Re: [PATCH] ipmi: Move remove_work to dedicated workqueue

From: Christophe JAILLET
Date: Fri Nov 12 2021 - 12:05:15 EST


Le 12/11/2021 à 17:54, Ioanna Alifieraki a écrit :
Currently when removing an ipmi_user the removal is deferred as a work on
the system's workqueue.
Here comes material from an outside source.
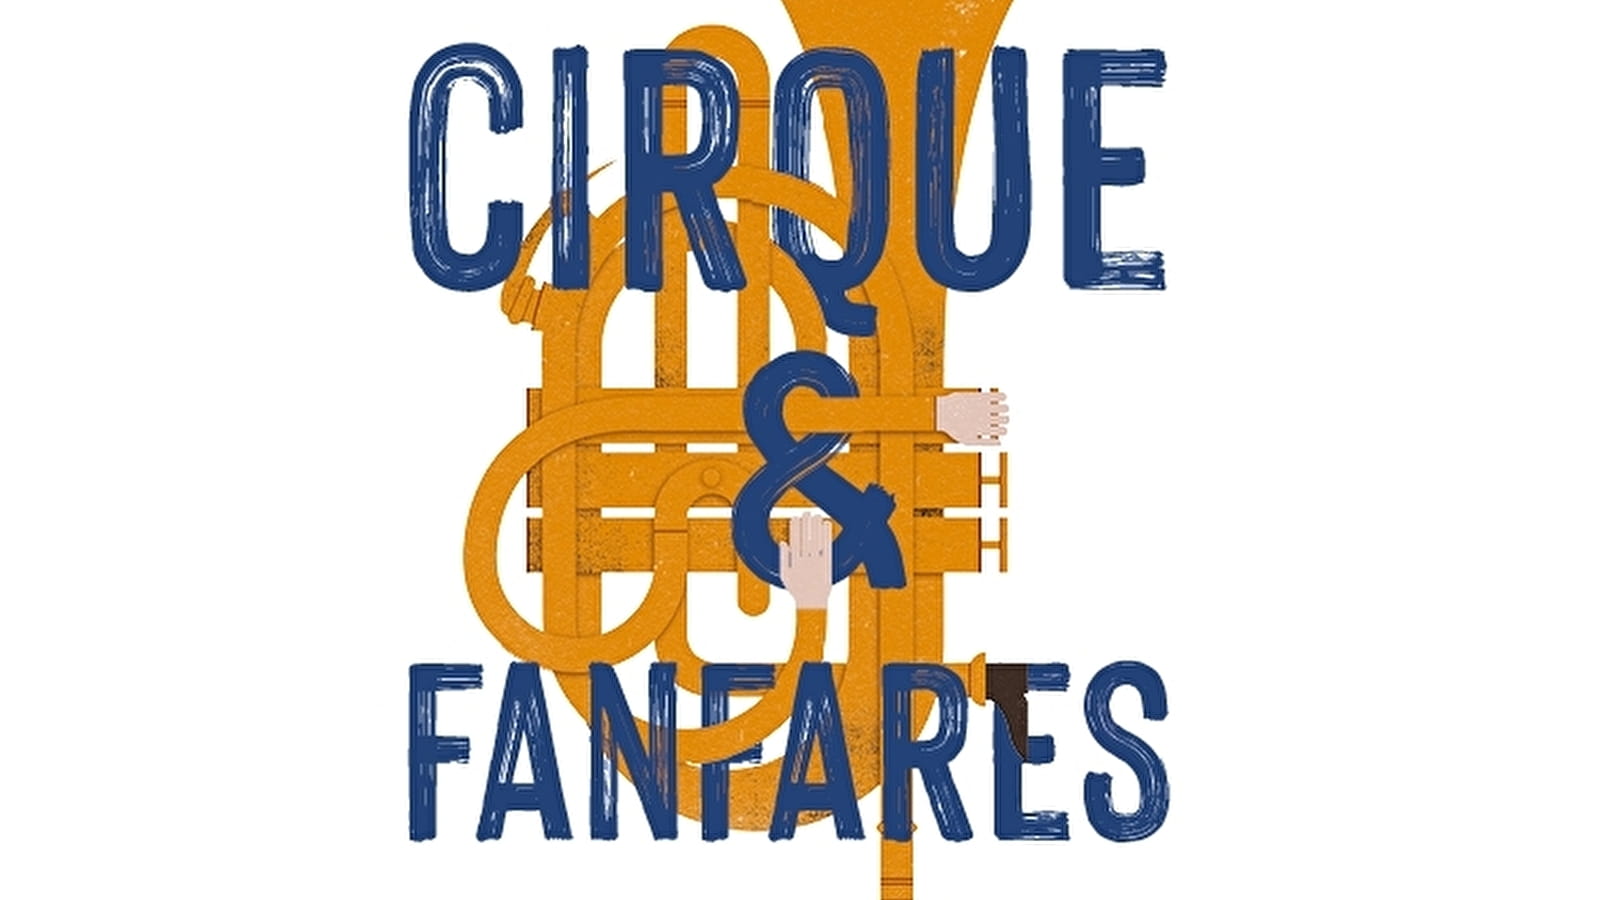 Cirque et fanfares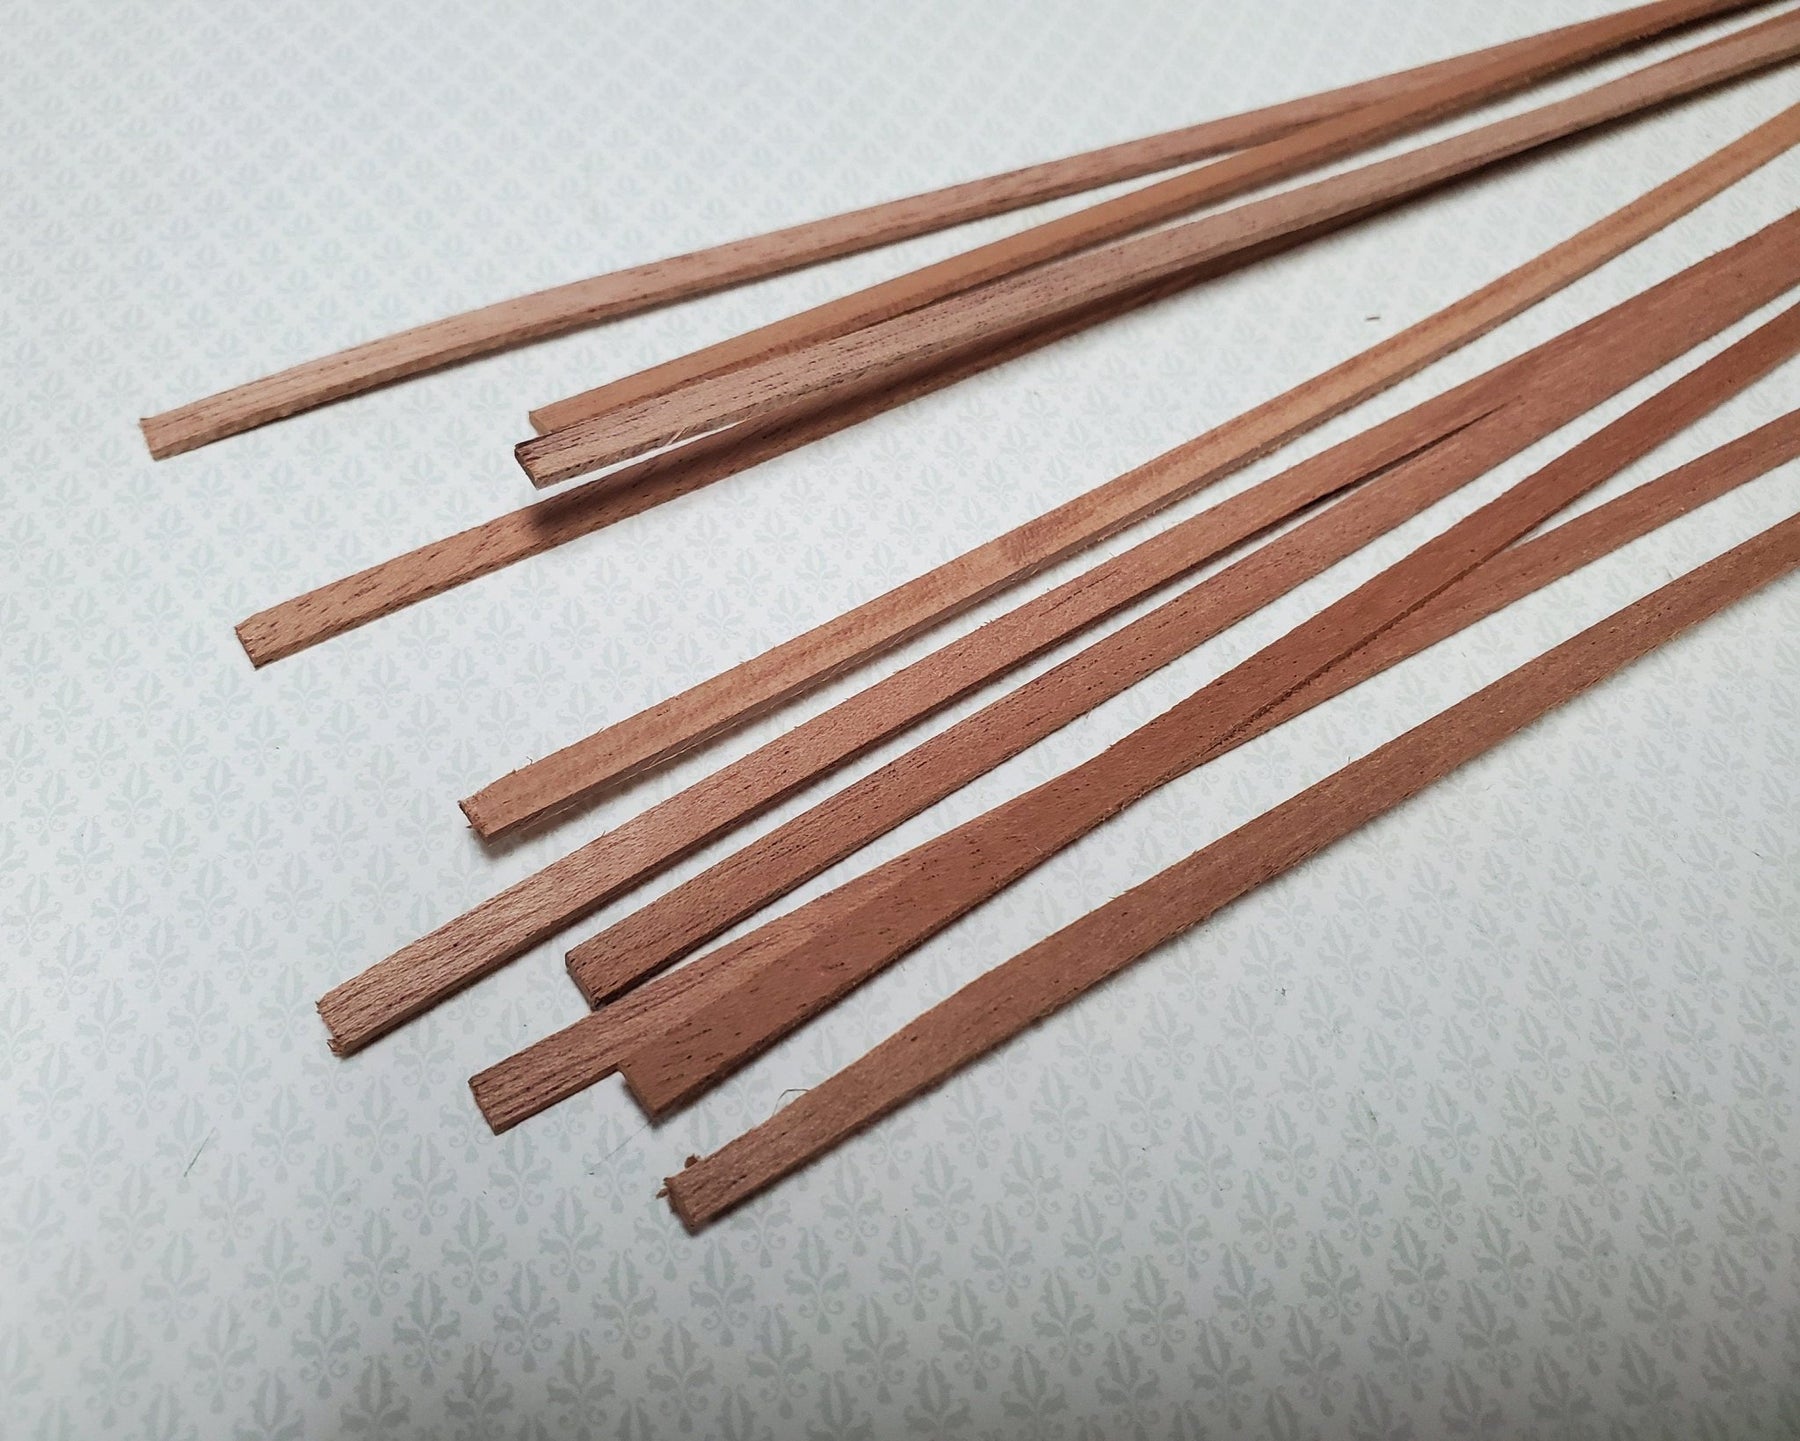 Walnut Wood Strips X10 1/8 X 1/4 X 6 Long Crafts Models Miniatures

Although this guarantees the free operation will
occur in non atomic context, it can race with the ipmi_msghandler module
removal (see [1]) . In case a remove_user work is scheduled for removal
and shortly after ipmi_msghandler module is removed we can end up in a
situation where the module is removed fist and when the work is executed
the system crashes with :
BUG: unable to handle page fault for address: ffffffffc05c3450
PF: supervisor instruction fetch in kernel mode
PF: error_code(0x0010) - not-present page
because the pages of the module are gone. In cleanup_ipmi() there is no
easy way to detect if there are any pending works to flush them before
removing the module. This patch creates a separate workqueue and schedules
the remove_work works on it. When removing the module the workqueue is
flushed to avoid the race.

[1] https://bugs.launchpad.net/bugs/1950666

Cc: stable@xxxxxxxxxxxxxxx
Fixes: 3b9a907223d7 (ipmi: fix sleep-in-atomic in free_user at cleanup SRCU user->release_barrier)
Signed-off-by: Ioanna Alifieraki <ioanna-maria.alifieraki@xxxxxxxxxxxxx>
---
drivers/char/ipmi/ipmi_msghandler.c | 9 ++++++++-
1 file changed, 8 insertions(+), 1 deletion(-)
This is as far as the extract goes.